===== DATA
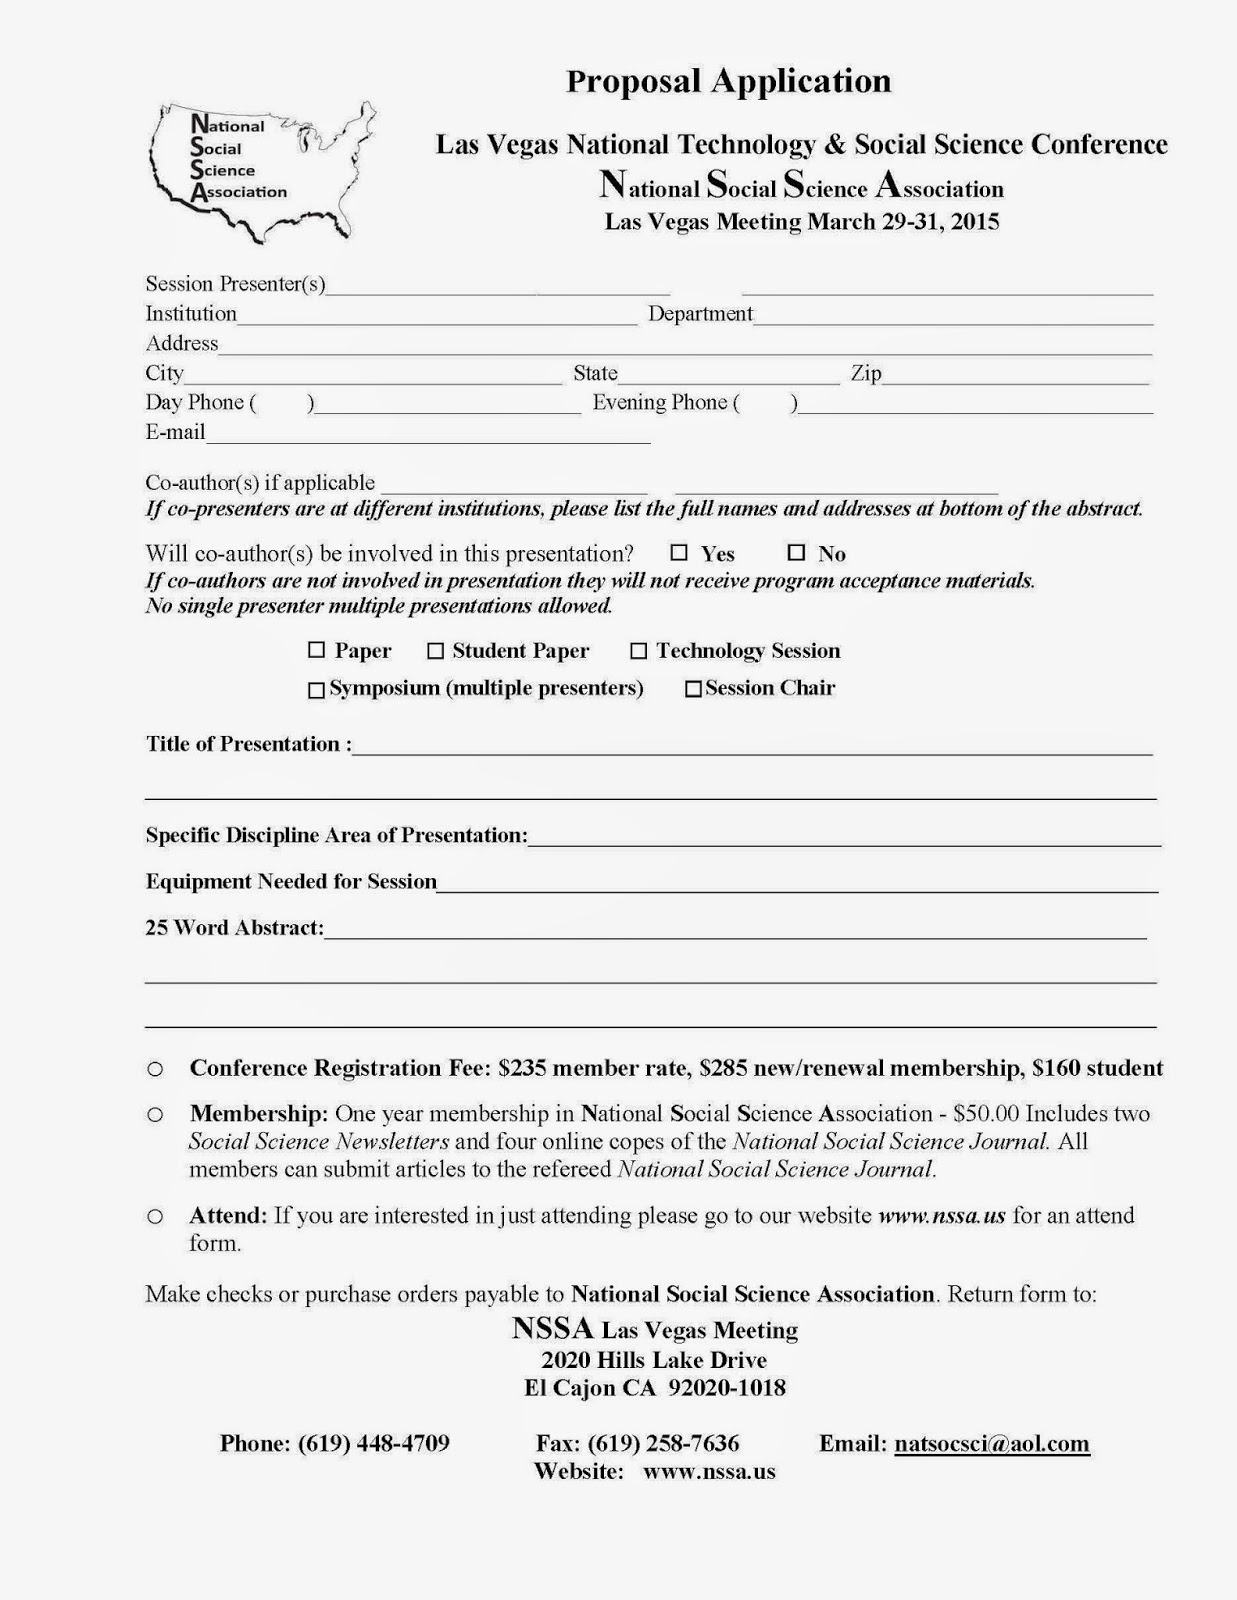 Sample essay for nursing school application
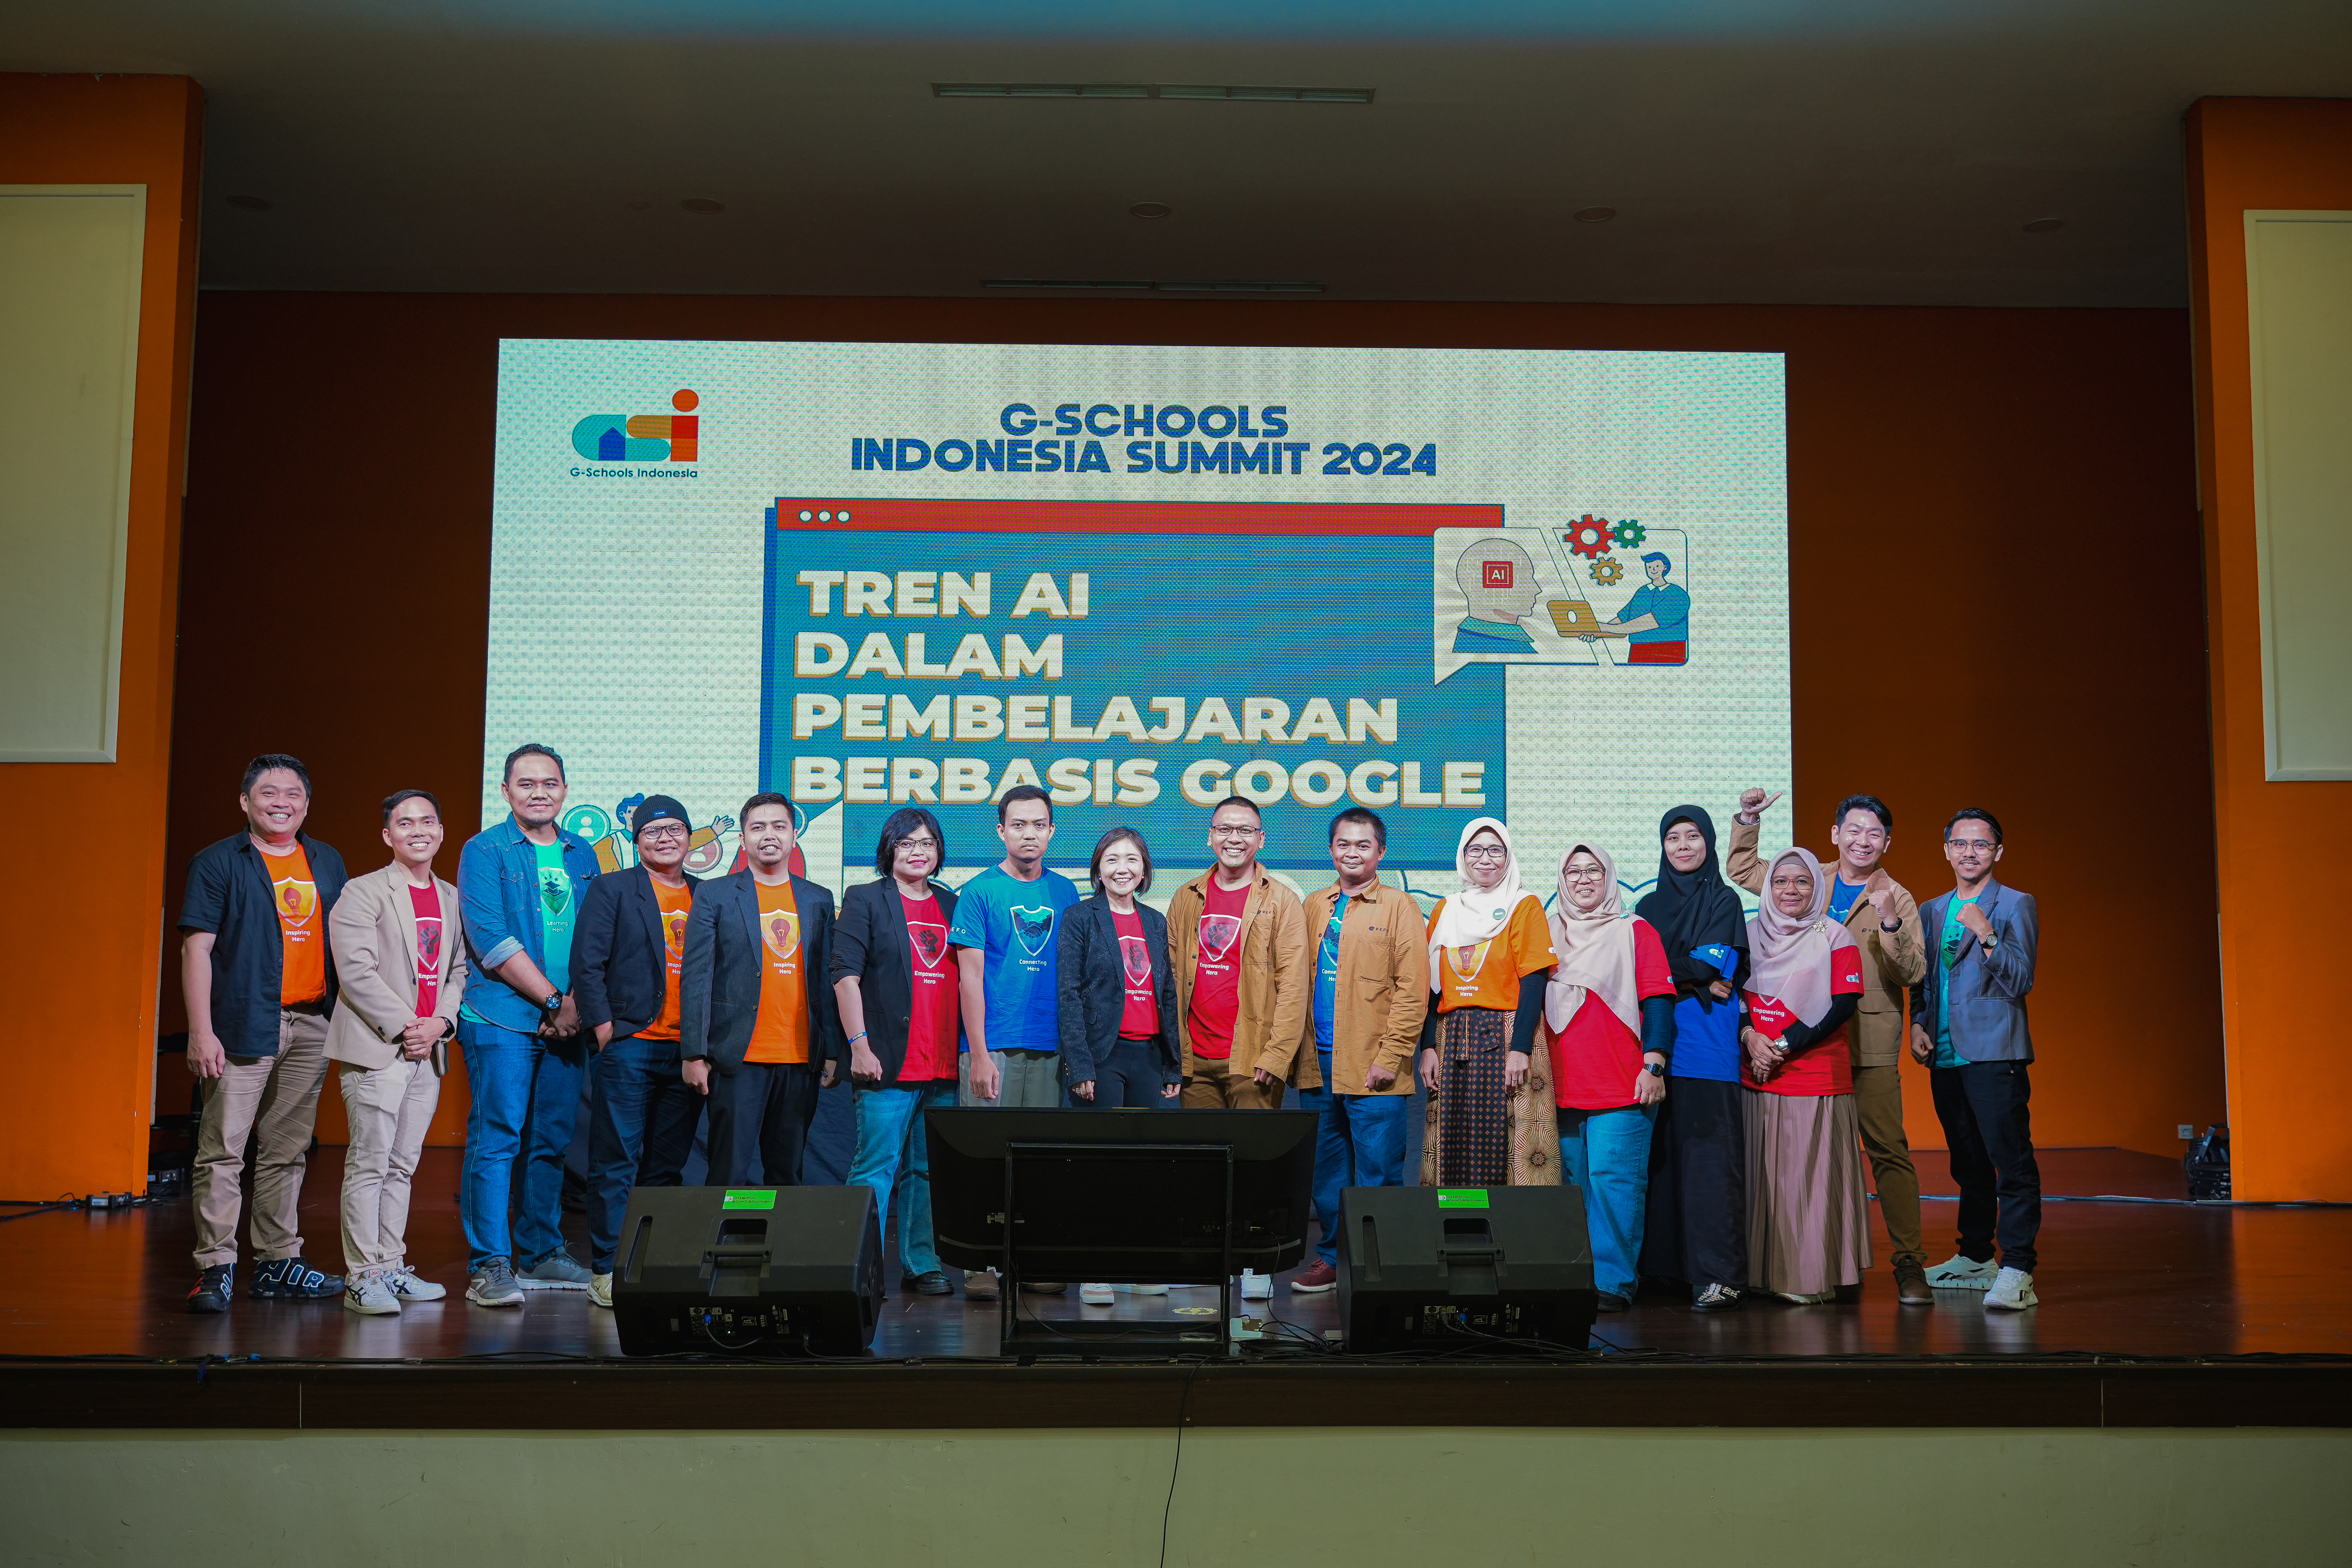 REFO Sukses Selenggarakan G-Schools Indonesia Summit (GSIS) 2024 dengan Tema “Tren AI dalam Pembelajaran Berbasis Google”
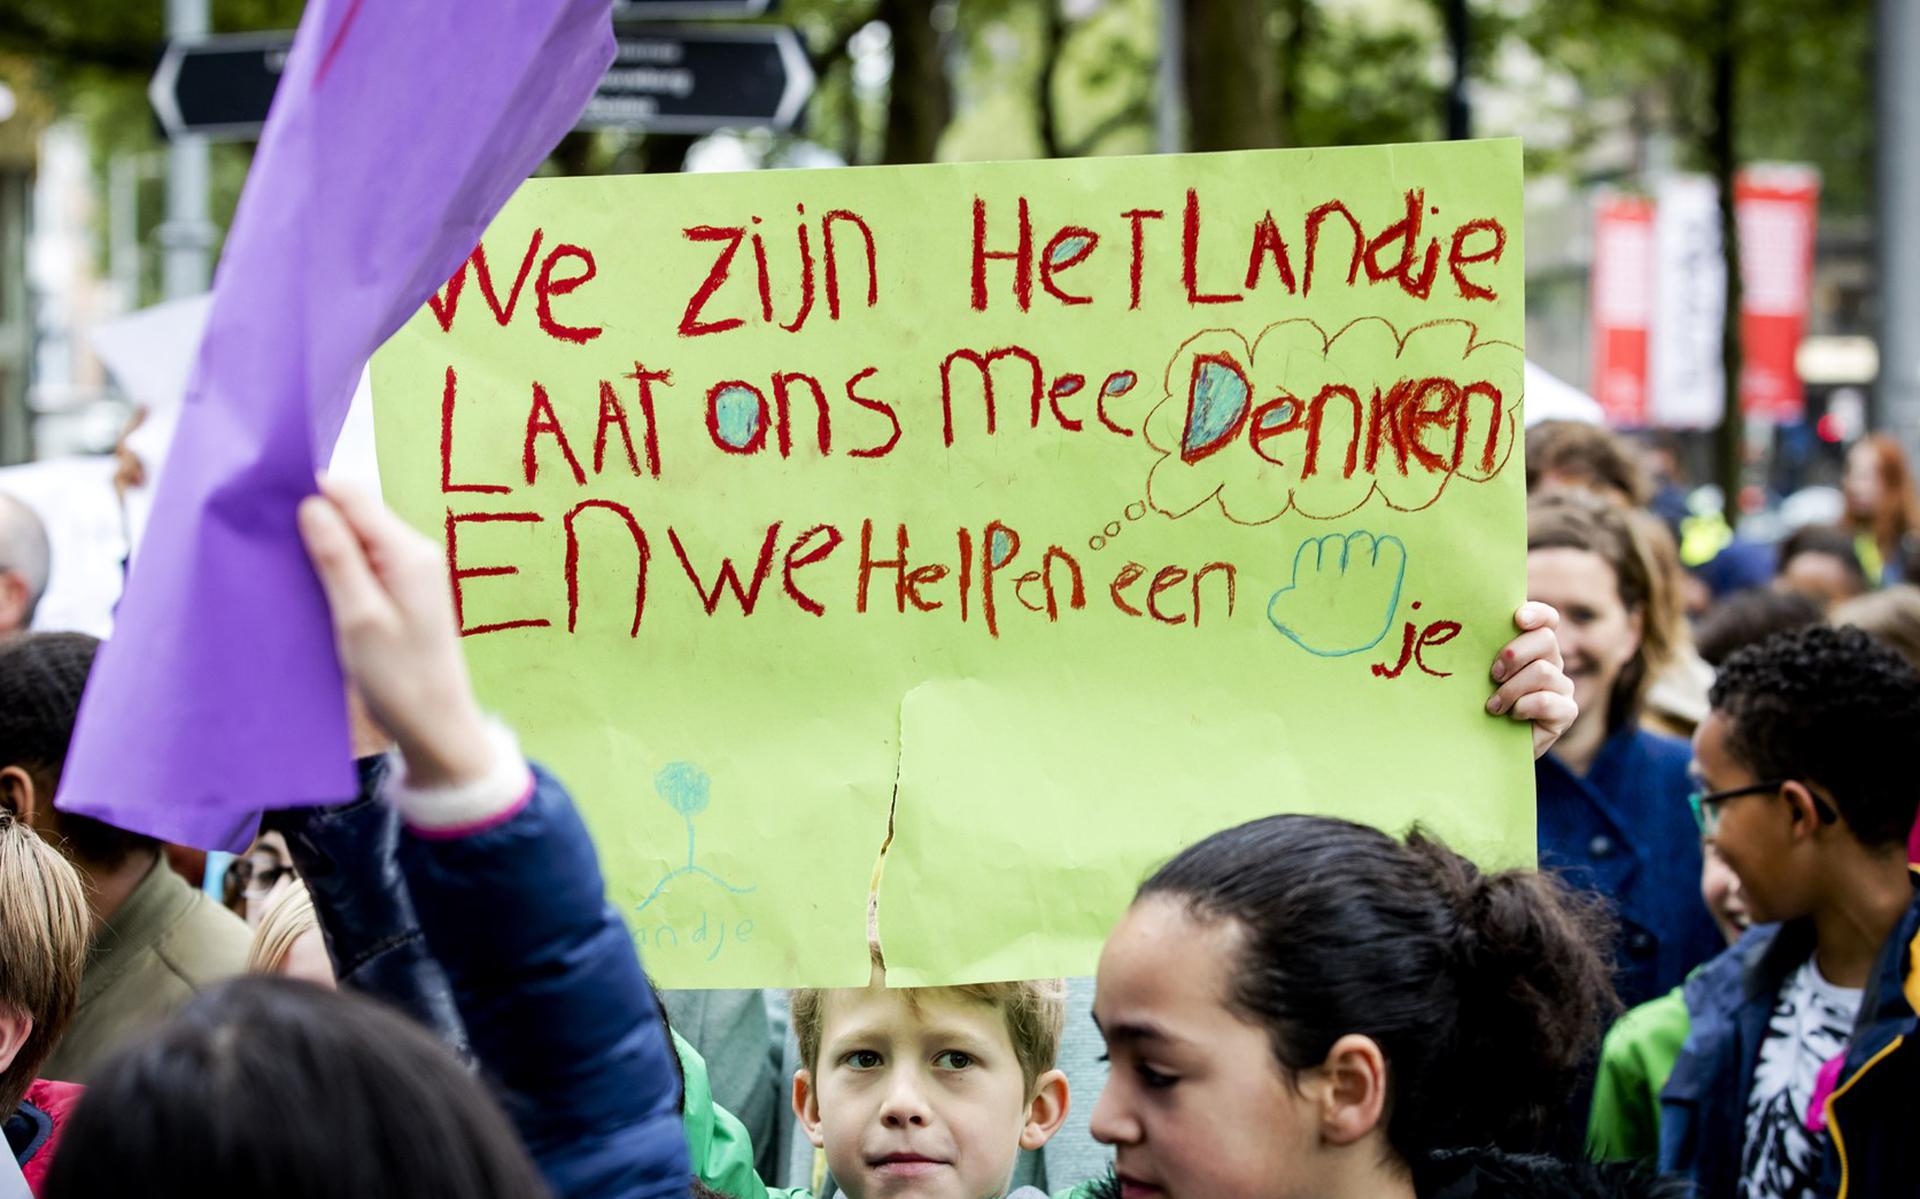 Basisschoolleerlingen in Rotterdam willen meedenken over de toekomst van hun stad, mei 2016.
==========
_EXERCISE DESCRIPTION_.
Write out the whole listing above exactly; do not include the pictures.

_EXERCISE ANSWER_.
 Sample essay for nursing school application
 REFO Sukses Selenggarakan G-Schools Indonesia Summit (GSIS) 2024 dengan Tema “Tren AI dalam Pembelajaran Berbasis Google”
 Basisschoolleerlingen in Rotterdam willen meedenken over de toekomst van hun stad, mei 2016.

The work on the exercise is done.